Task to complete: Could you please transcribe the data exactly, without the pictures?

Information supplied:
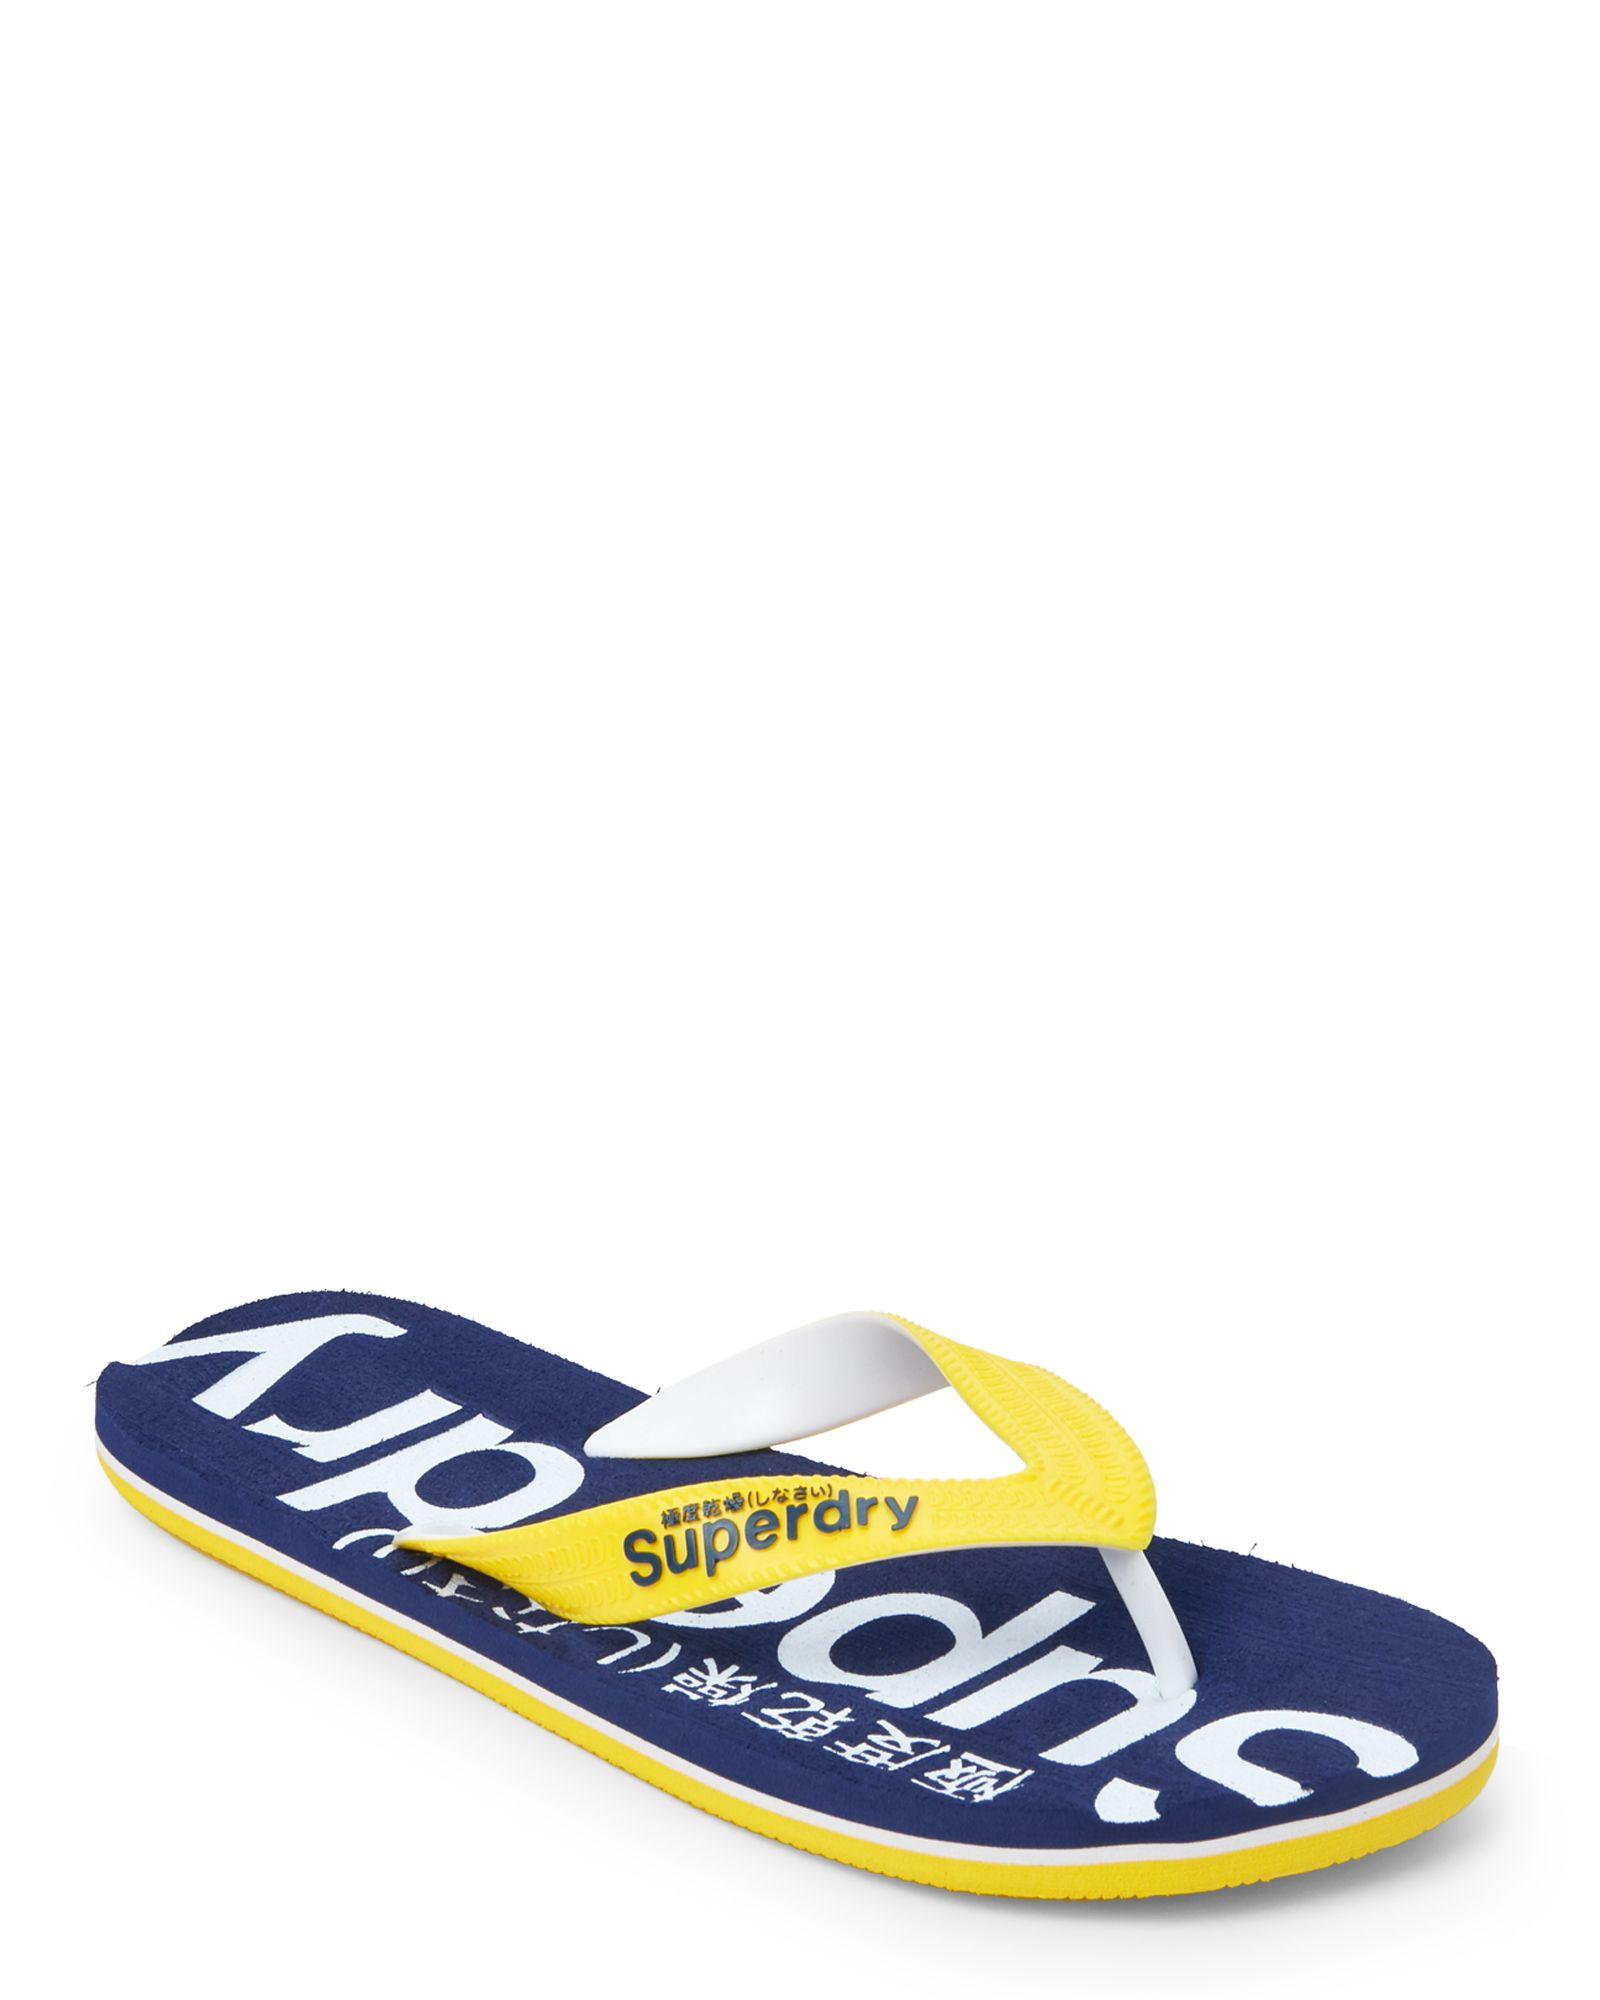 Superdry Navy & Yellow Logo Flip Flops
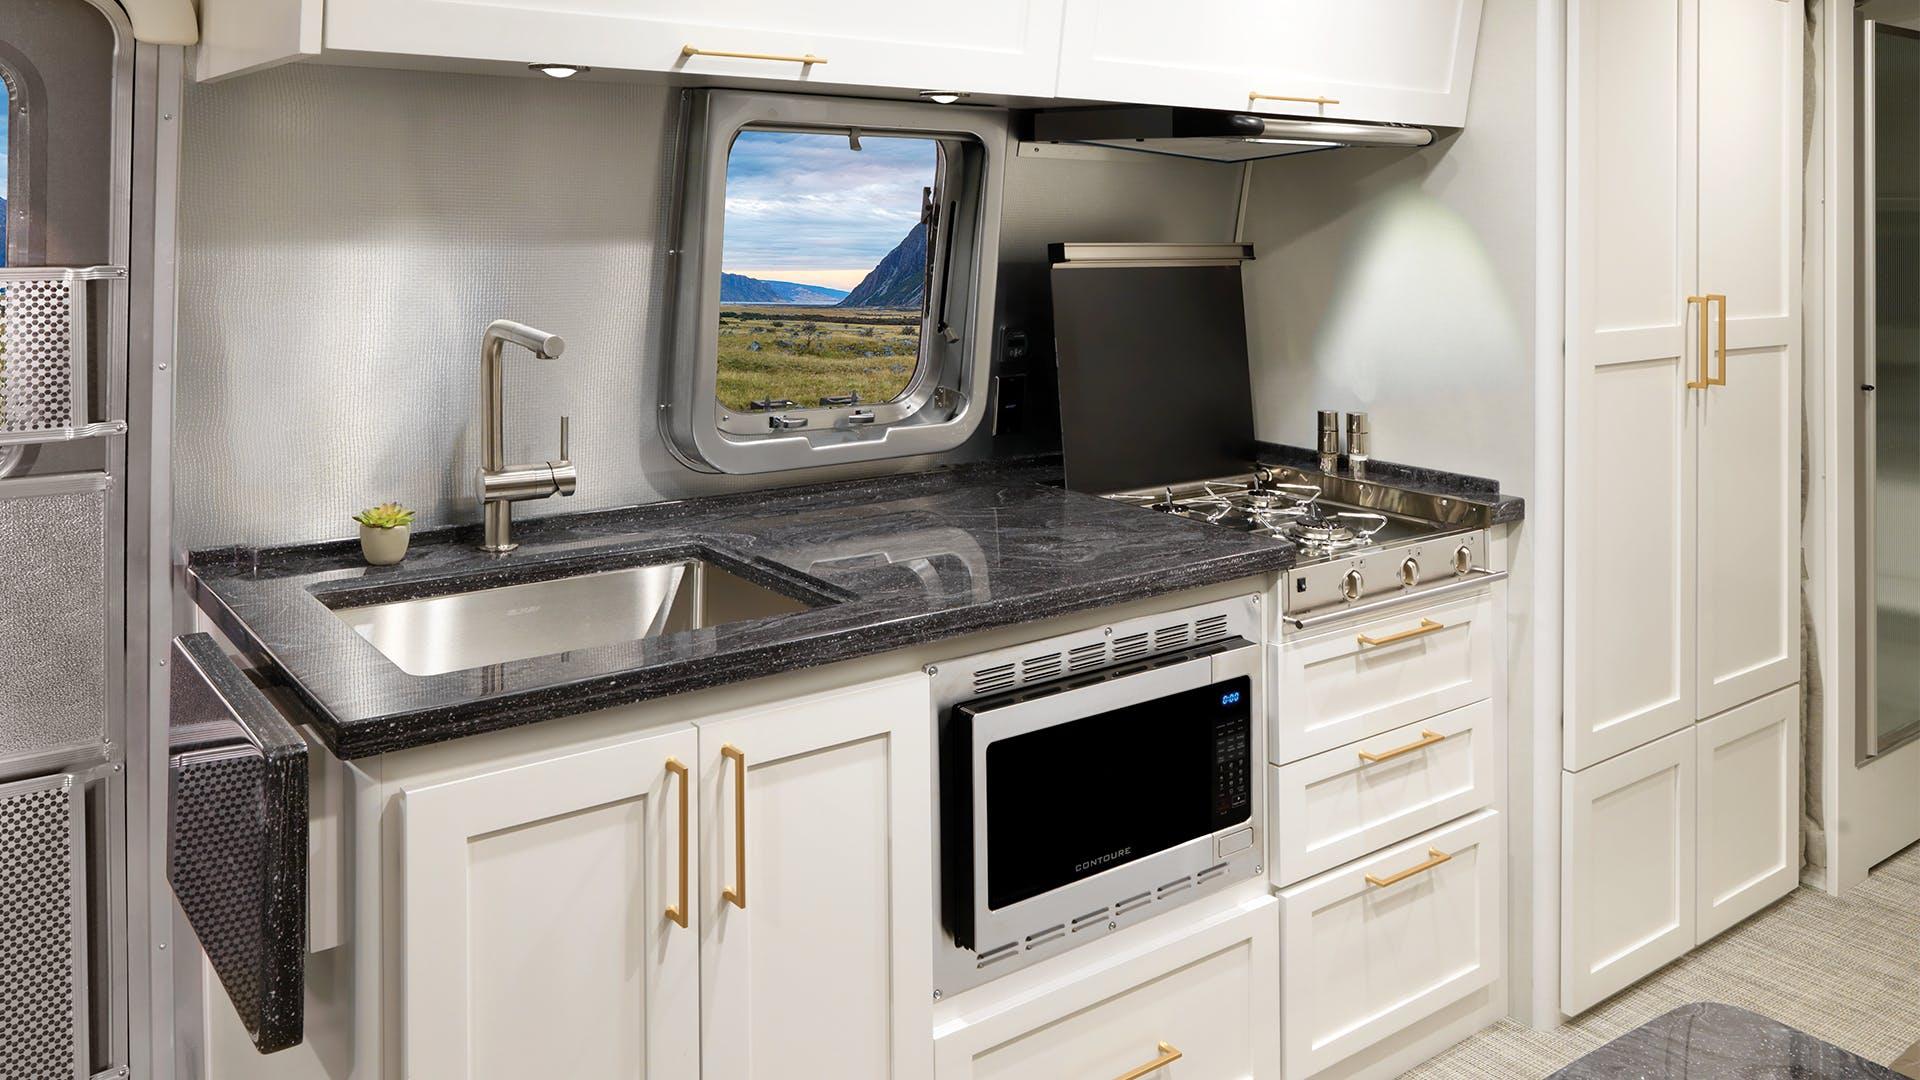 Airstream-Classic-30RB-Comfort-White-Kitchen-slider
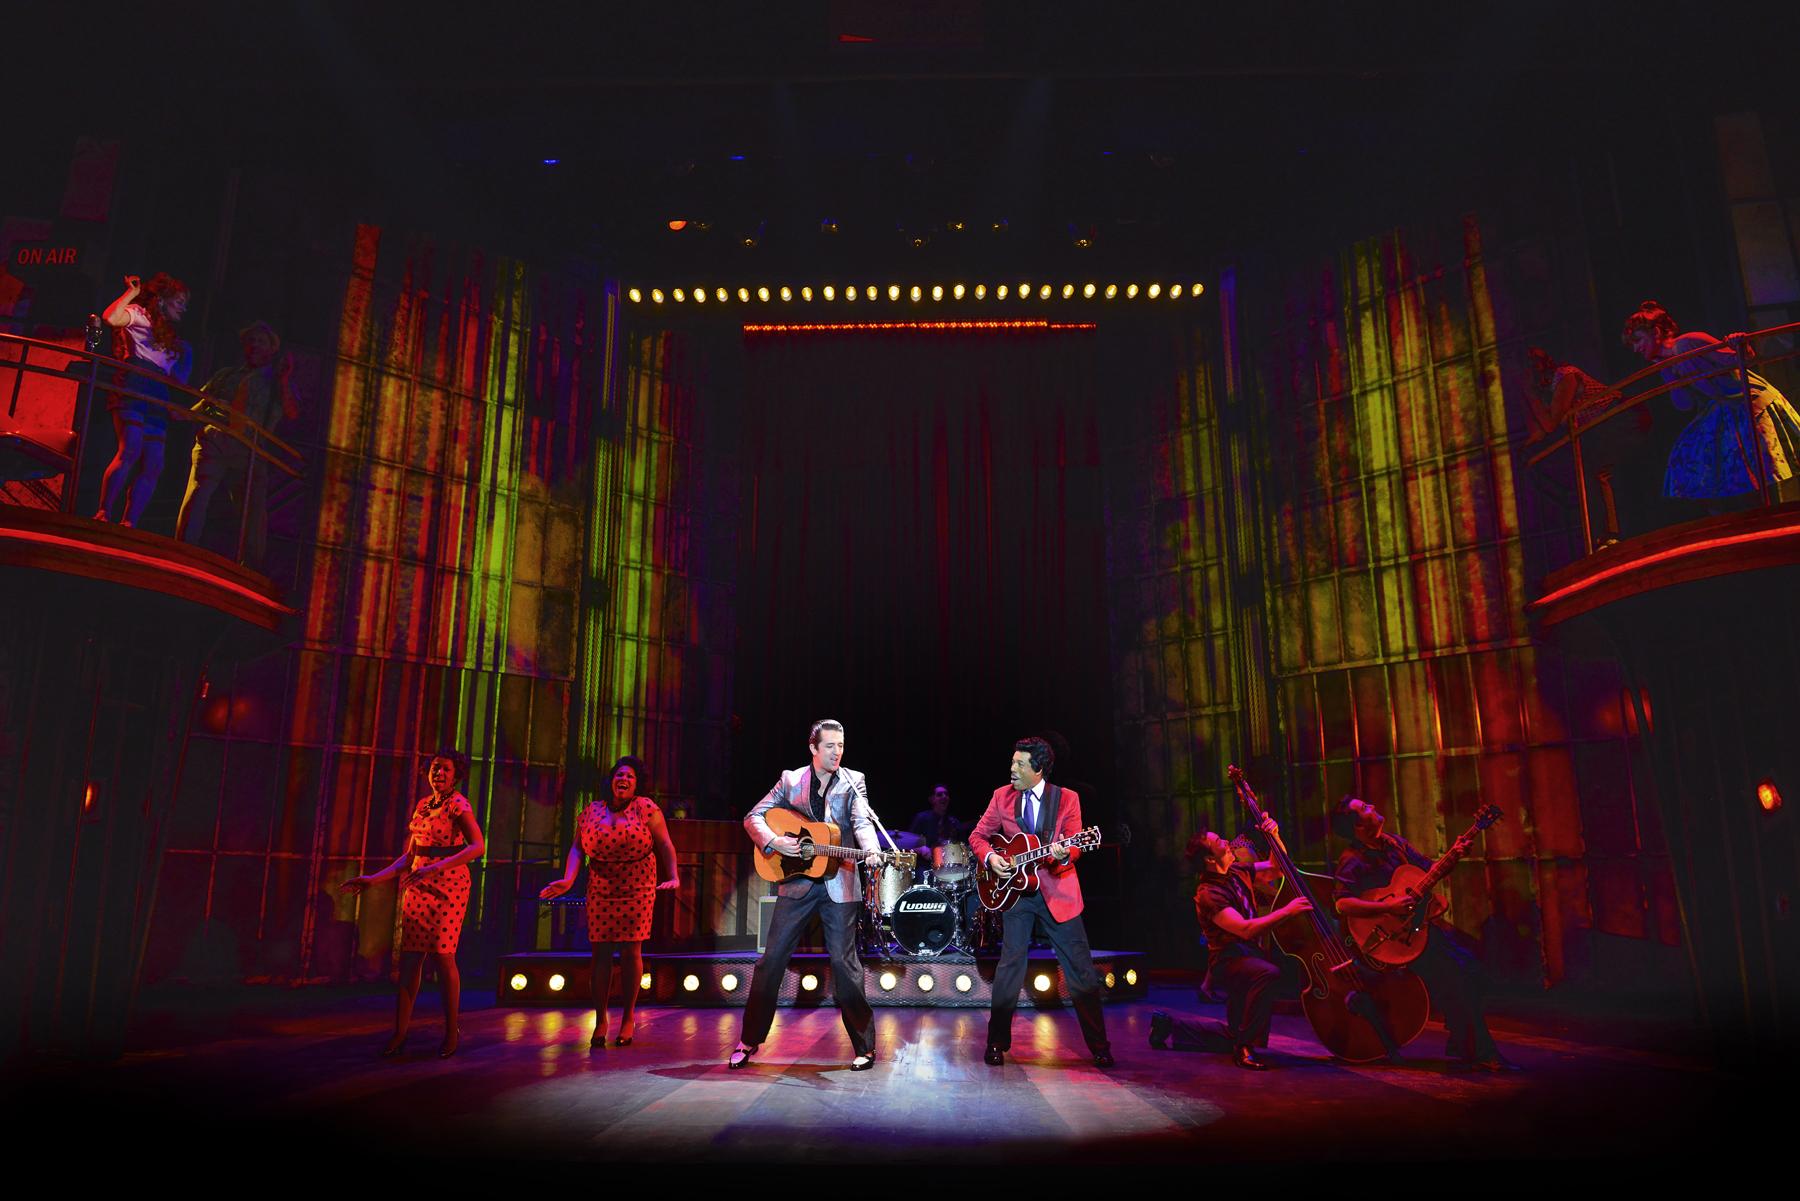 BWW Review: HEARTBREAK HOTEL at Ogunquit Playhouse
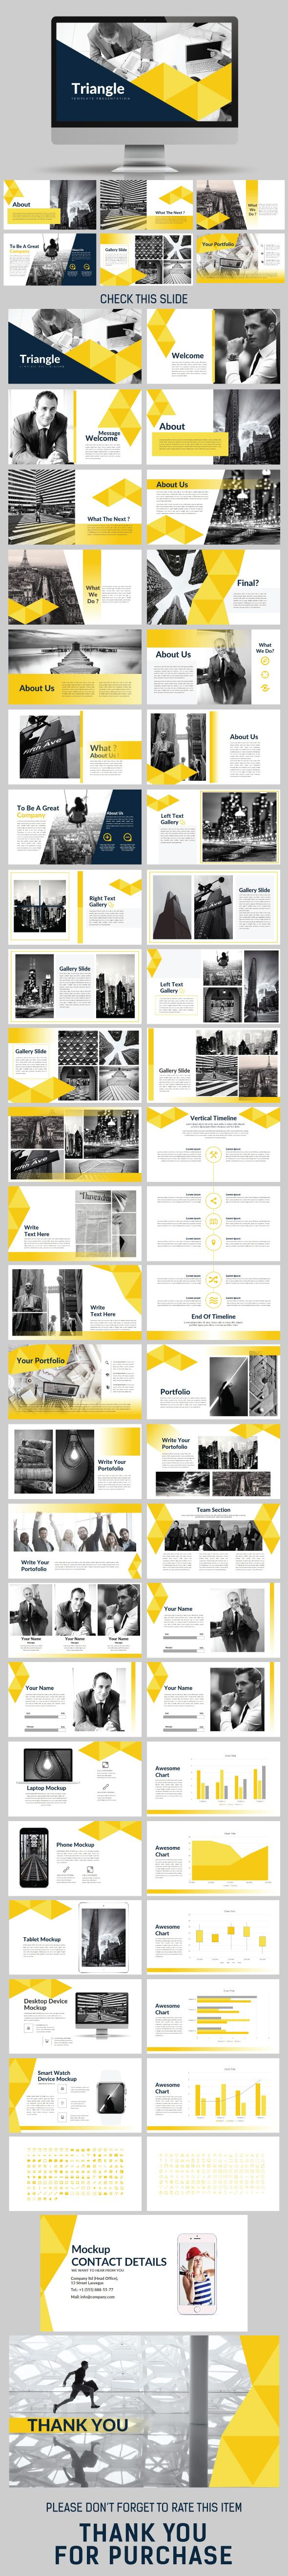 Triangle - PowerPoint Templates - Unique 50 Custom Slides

Answer box:
 Superdry Navy & Yellow Logo Flip Flops
 Airstream-Classic-30RB-Comfort-White-Kitchen-slider
 BWW Review: HEARTBREAK HOTEL at Ogunquit Playhouse
 Triangle - PowerPoint Templates - Unique 50 Custom Slides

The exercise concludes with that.